The aetiopathogenesis of this entity is not clear but an increased cell-mediated (CM) and humoral immunity against M. leprae and augmented local CMI demonstrated by necrosis and ulceration have been observed. These findings have been suggested to represent a hyperactive expression of multibacillary leprosy in an effort to restrict/localize or focalize the disease [6].

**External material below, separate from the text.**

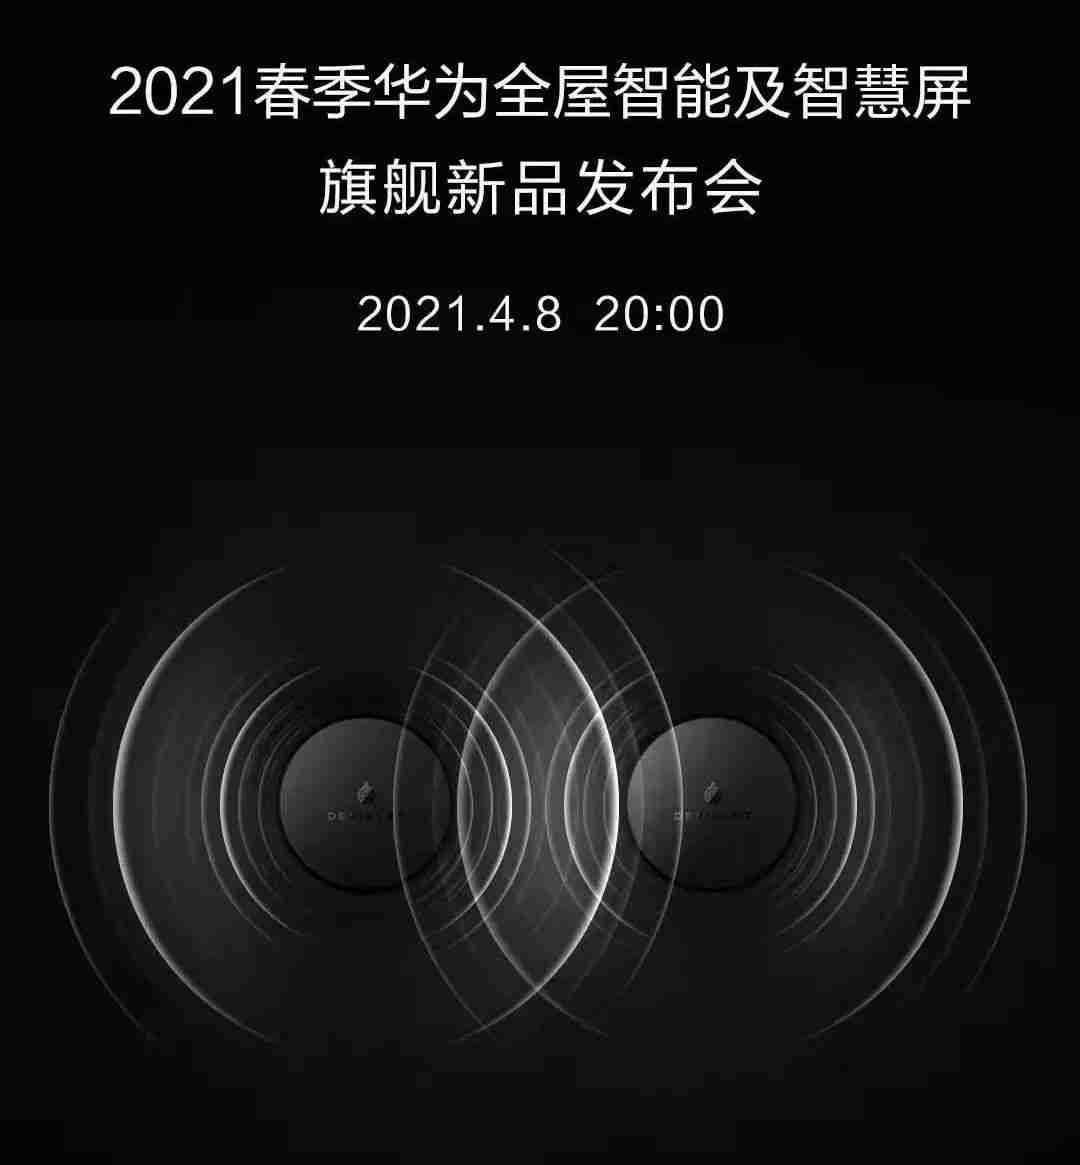 10-华为2021春季全屋智能及智慧屏新品发布会海报
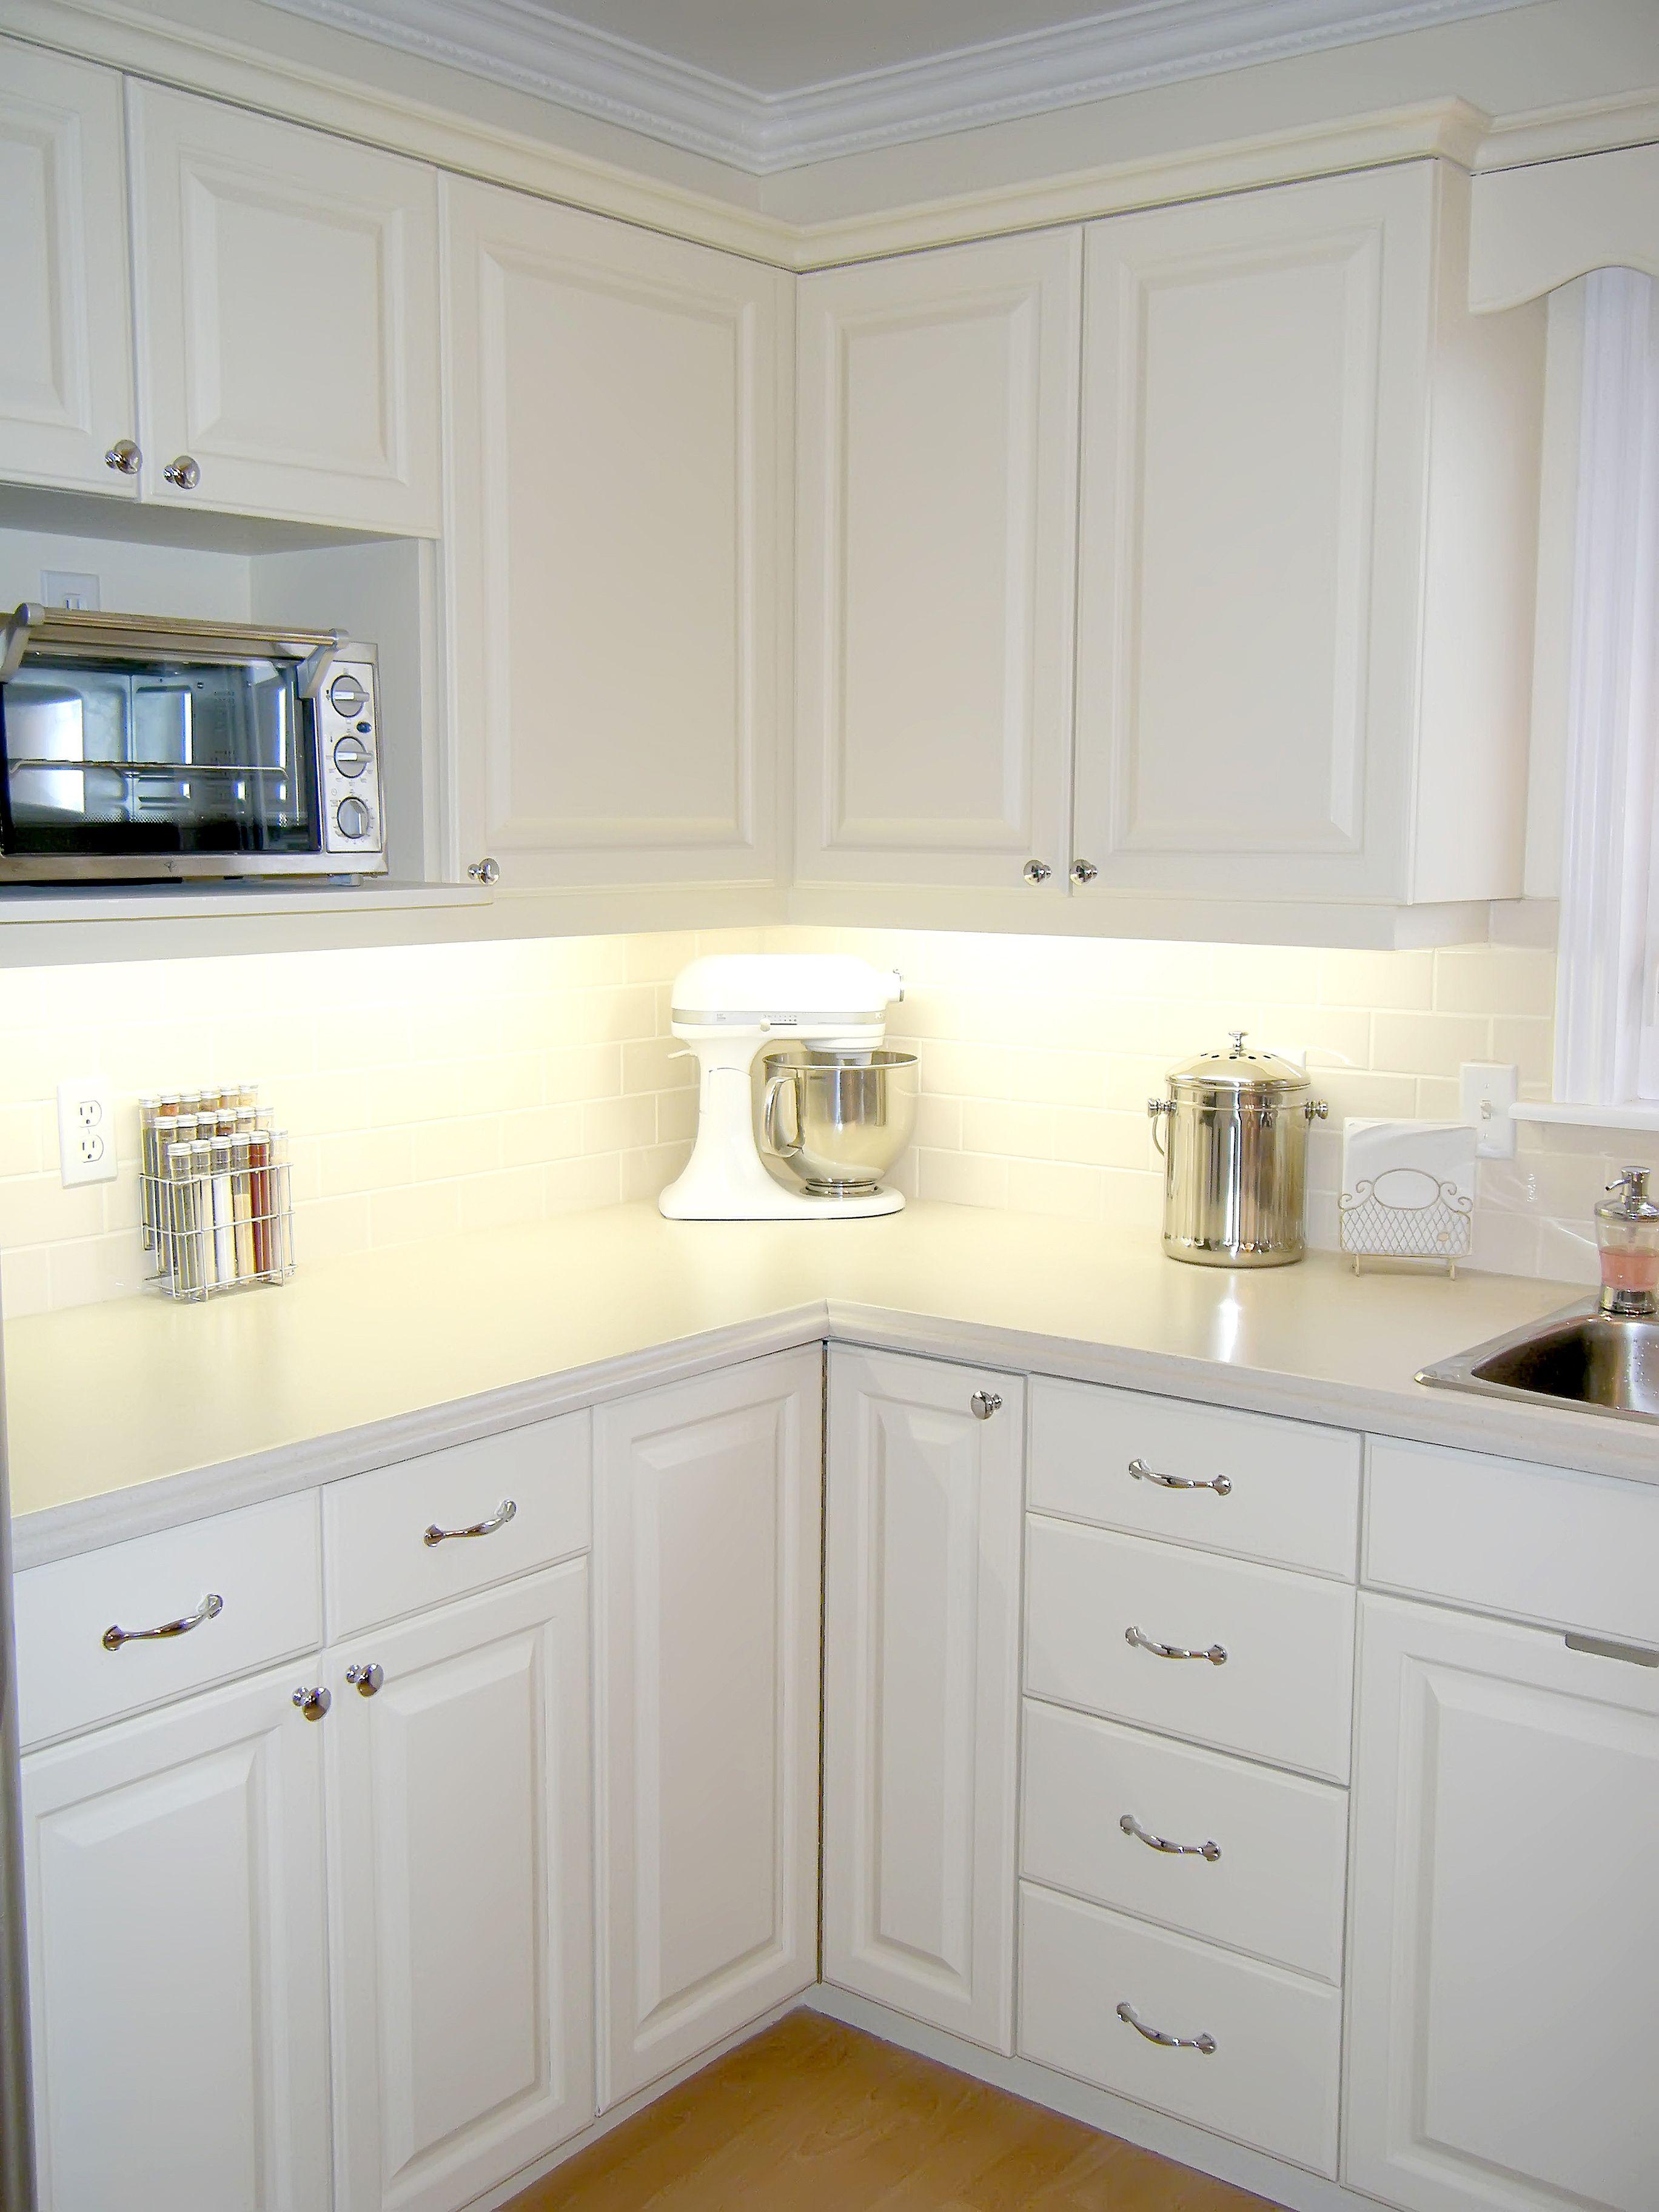 Best Painting Kitchen Cabinets Kitchen Renovation Kitchen 400 x 300

Histoid leprosy is managed by initially giving ROM therapy with rifampicin 600 mg, ofloxacin 400 mg, minocycline 200 mg once, which is followed by MDR therapy [2] or MBMDR [9]. An erythema nodosum leprosum (ENL) reaction is known to occur during treatment [11].

Our patient presented with small to large, papules and plaques in the unexposed areas. Ear involvement, nerve thickening, alteration of sensation, previous history, and family history were absent. Associated sign/symptoms were misleading and might be due to flu-like syndrome. The slit skin smear and histopathological examination confirmed the diagnosis of histoid Hansen; a case arising de novo in an elderly. The patient is responding to the treatment, with no ENL till 11-month followup.

4. Conclusion

As the bacillary load is very high in these patients, they can form a potential reservoir of the infection. It is essential to continue the surveillance for new case, rather than to wait for voluntary reporting since early diagnosis and complete treatment are important to achieve our goal of elimination of leprosy.